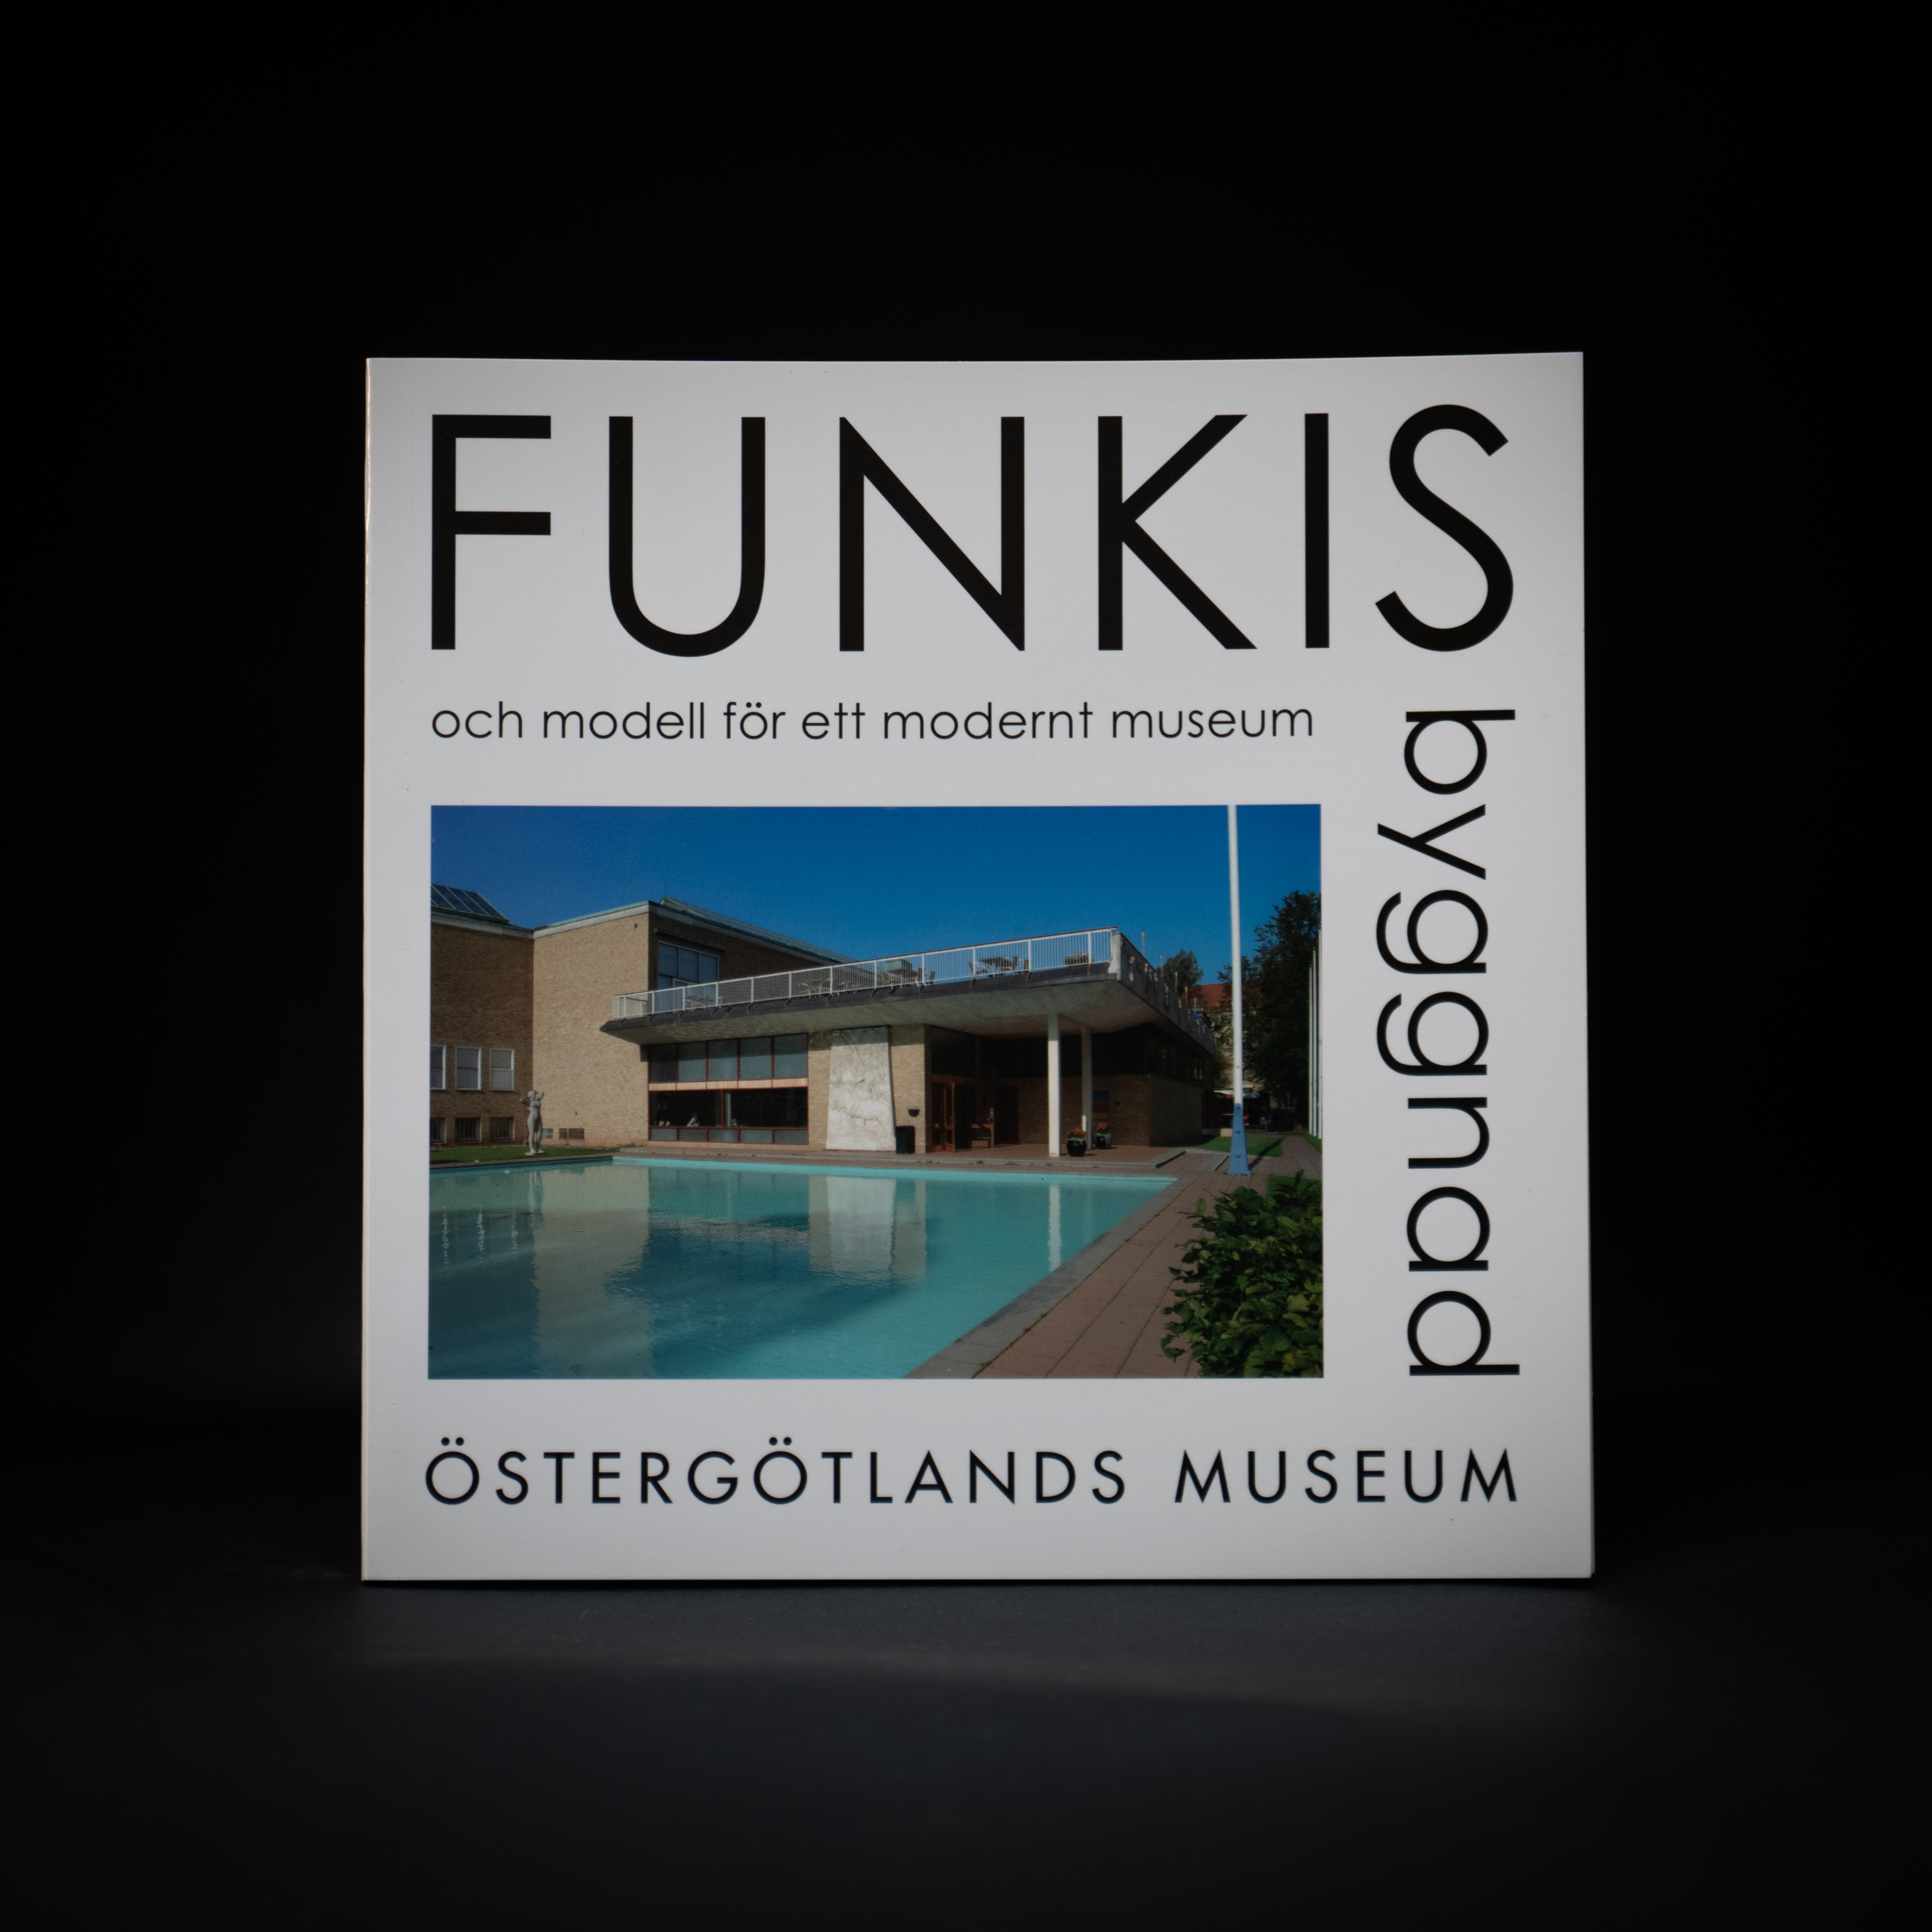 Funkis byggnad och modell för ett modernt museum - Östergötlands museum
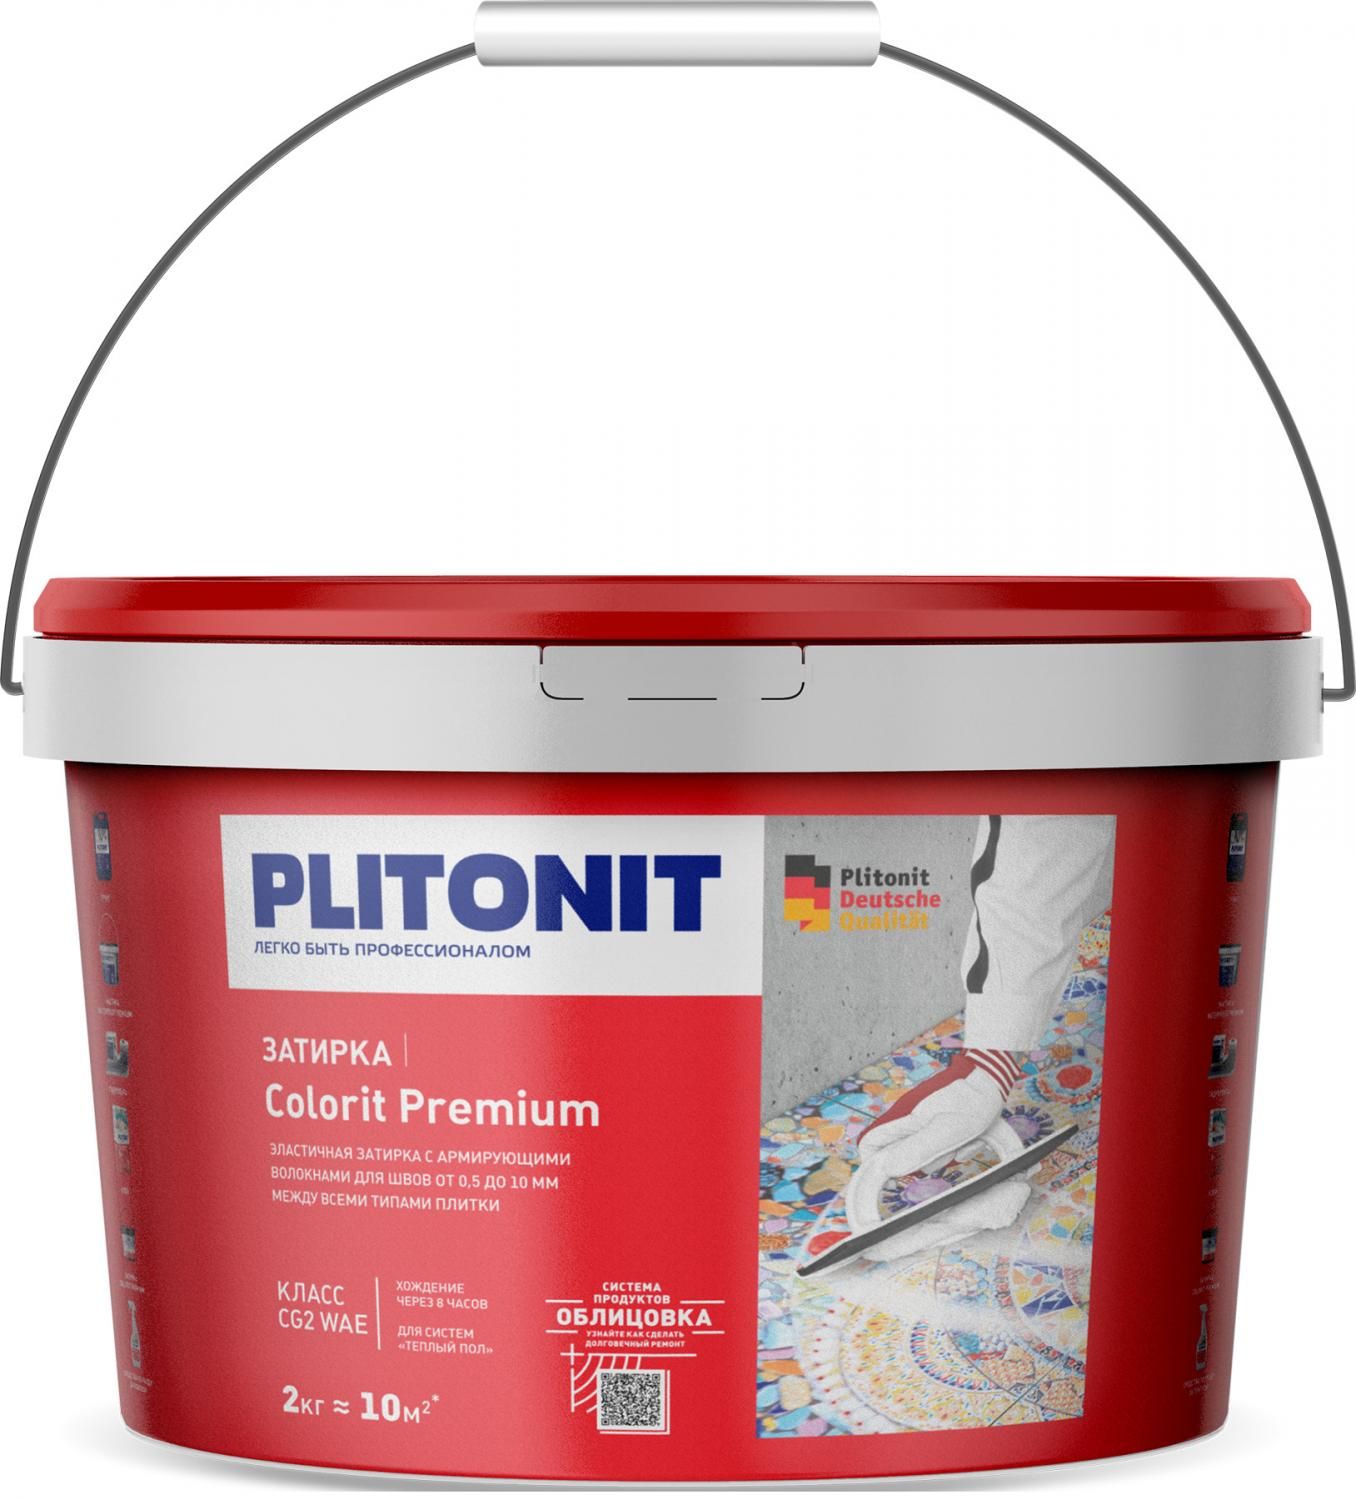 Купить Затирка Plitonit Colorit Premium светло-желтая 2 кг цементная
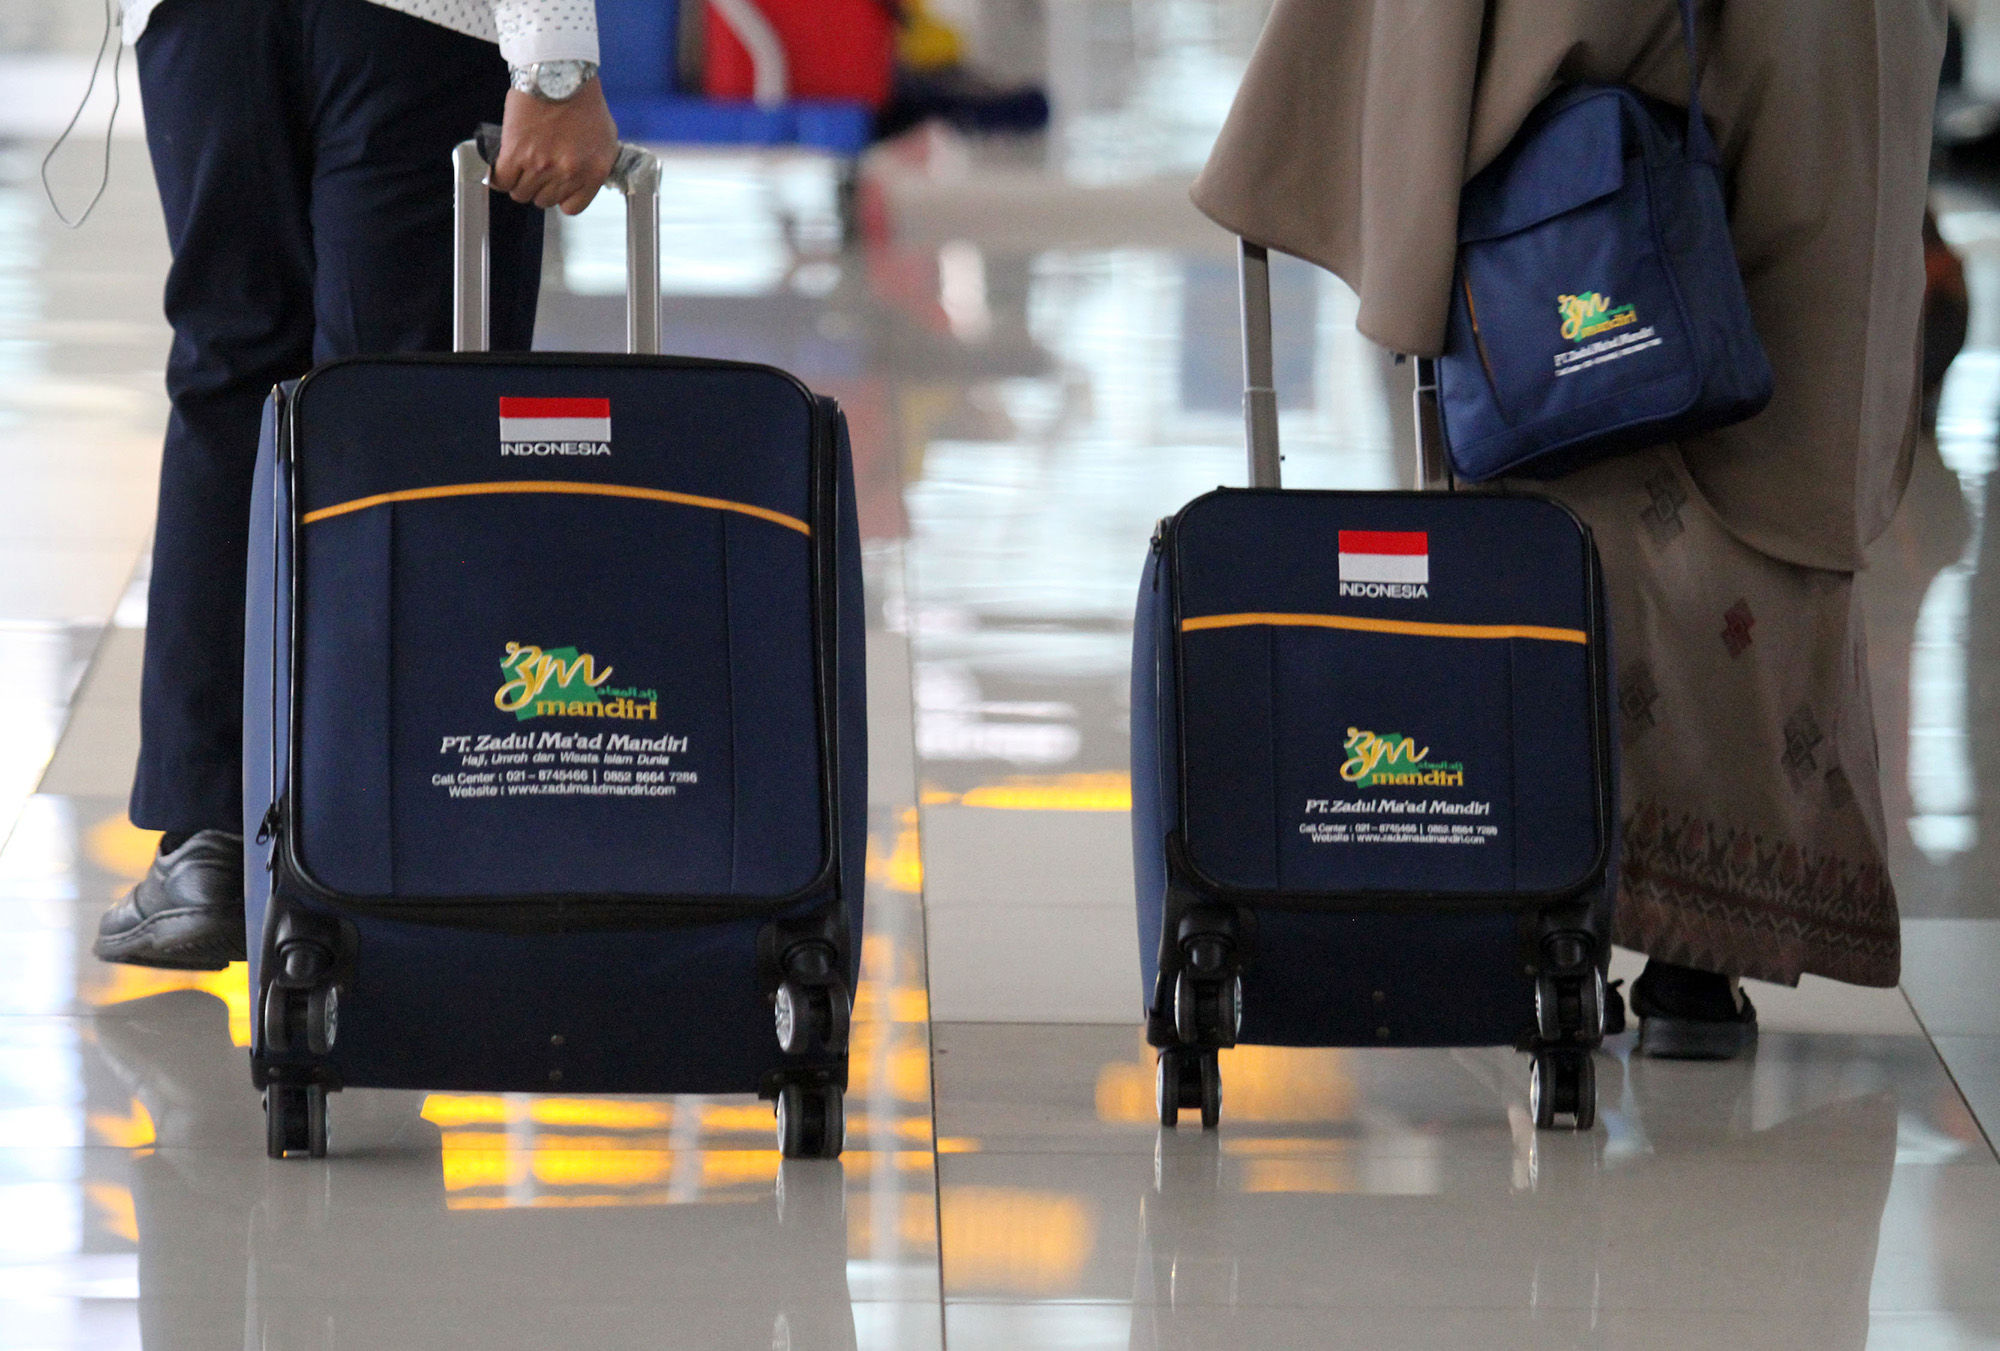 <p>Sejumlah calon jamaah umrah sebelum bertolak ke Arab Saudi dari Terminal 3 Bandara Soekarno Hatta, Tangerang, Banten, Minggu, 1 November 2020. Foto : Panji Asmoro/TrenAsia</p>

——————

To do — Copy the data exactly. Pictures do not belong in the copy.

Exercise output —
 Funkis byggnad och modell för ett modernt museum - Östergötlands museum
 Купить Затирка Plitonit Colorit Premium светло-желтая 2 кг цементная
 <p>Sejumlah calon jamaah umrah sebelum bertolak ke Arab Saudi dari Terminal 3 Bandara Soekarno Hatta, Tangerang, Banten, Minggu, 1 November 2020. Foto : Panji Asmoro/TrenAsia</p>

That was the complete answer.